Porteus Linux: A portable Linux with a difference

Filed under
GNU
Linux

I’m writing this in Porteus Linux v5.0rc1 for x86_64, a Live Linux distribution booted from a USB pendrive. It is fast, good-looking and has a good range of applications and utilities. I stumbled upon Porteus recently while looking for a compact Live Linux distribution to install on a couple of spare SD cards. It seemed ideal, as it is a portable distribution designed for USB pendrives and CDs, and optionally can be configured to be persistent between reboots and shutdowns. Porteus is based on Slackware, although I gather the developers might switch to Arch Linux at some undefined future date. Spins of Porteus with various Desktop Environments are available, and I settled on Xfce after trying a couple of the others.

Although my original objective was to install a portable Linux distribution on SD cards, I only managed to install Porteus on an SD card by using YUMI Multiboot USB Creator for Windows, which I run using WINE in Linux, rather than in Windows.

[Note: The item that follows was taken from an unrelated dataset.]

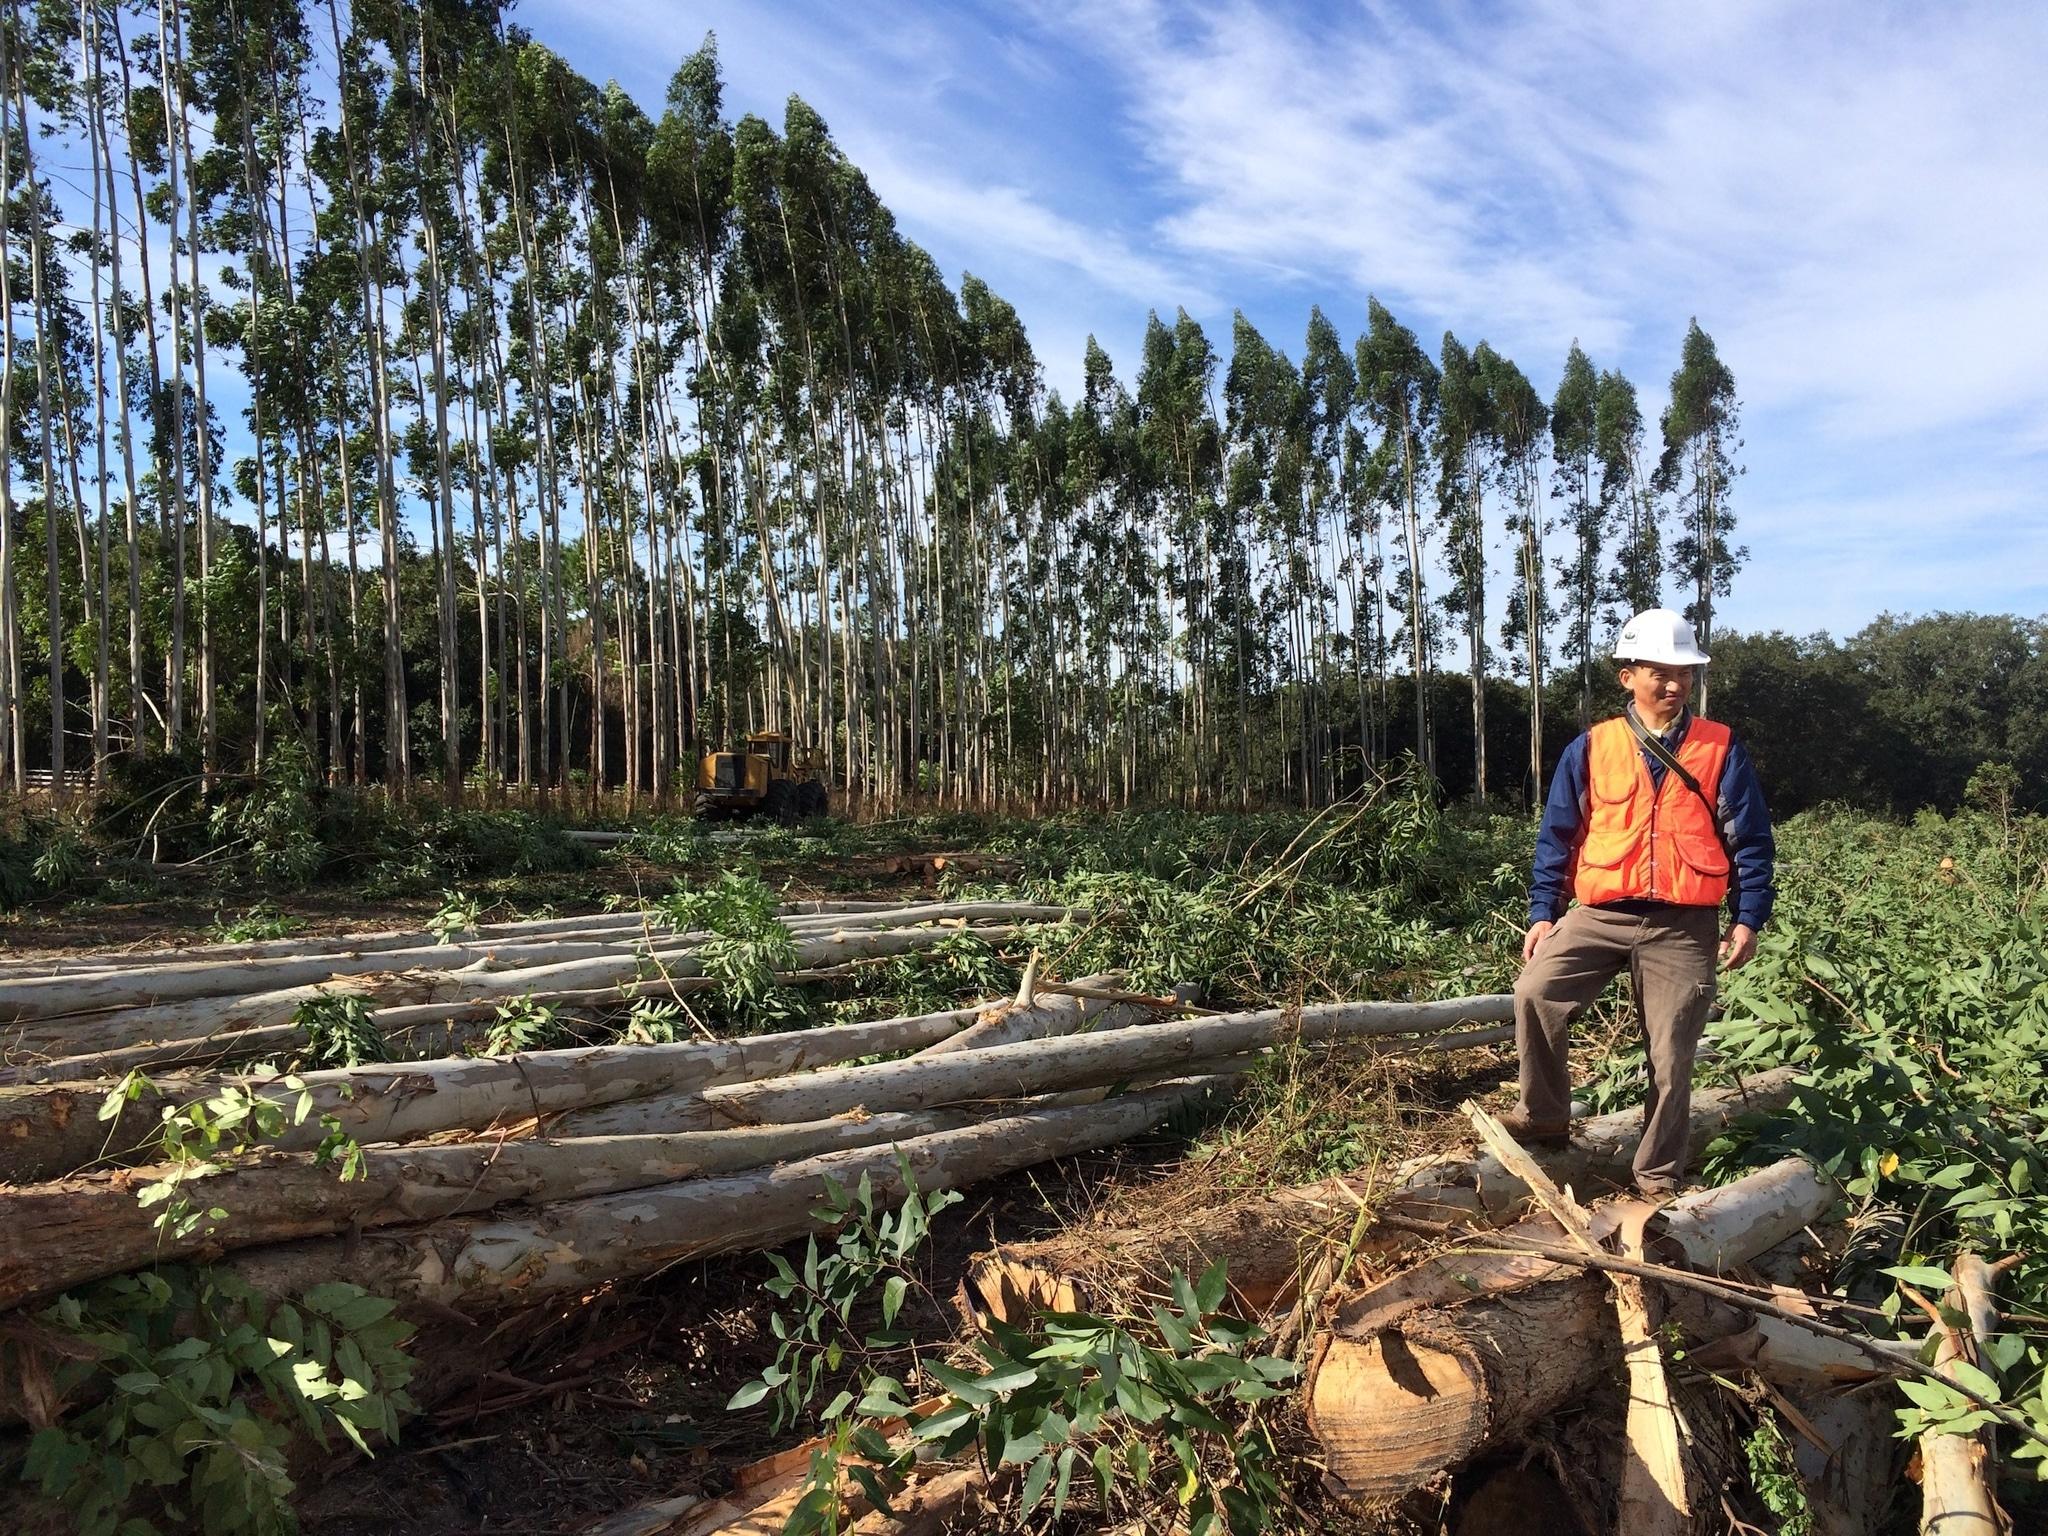 Harvesting trees 6
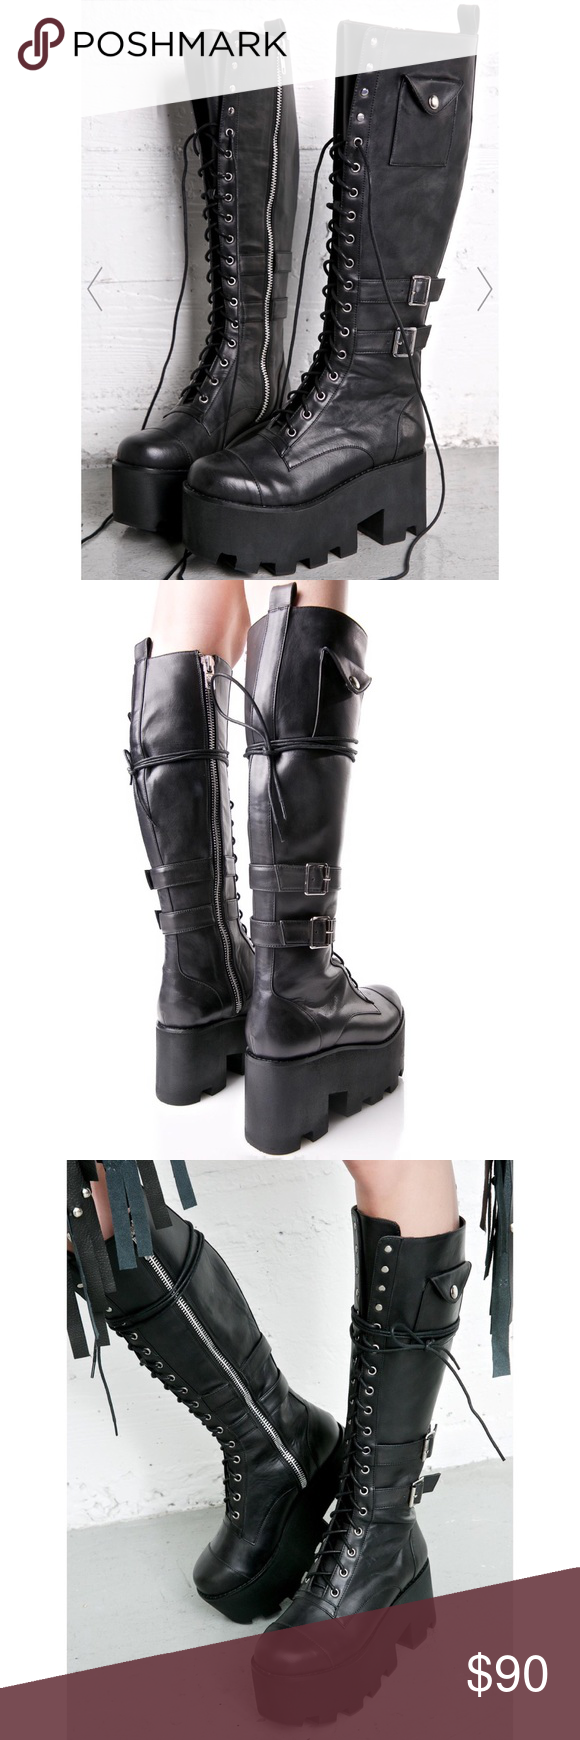 564596853d0aa Current Mood Boots (dolls skill) Jane Doe Boots - Current Mood ( dolls kill  ) BRAND NEW - never worn   size 9 3.5

The reason Porteus boots from an SD card when installed by YUMI is because YUMI installs its own boot manager on the SD card and chainloads the OS. Actually, if an SD card or USB pendrive has sufficient capacity, YUMI can install several OSs on a single SD card or single USB pendrive and you can choose on the YUMI bootloader menu which OS to boot.

Anyway, Porteus is interesting because, optionally, it can be configured quite easily to be persistent. I.e. if you want it to, Porteus can save new files, applications you install, browser bookmarks, edited configuration files and so on between reboots/shutdowns. However, I was unable to get persistence working with Porteus installed by YUMI on an SD card, but persistence works perfectly when I install Porteus on USB pendrives, which is the medium Porteus is really designed to be installed on.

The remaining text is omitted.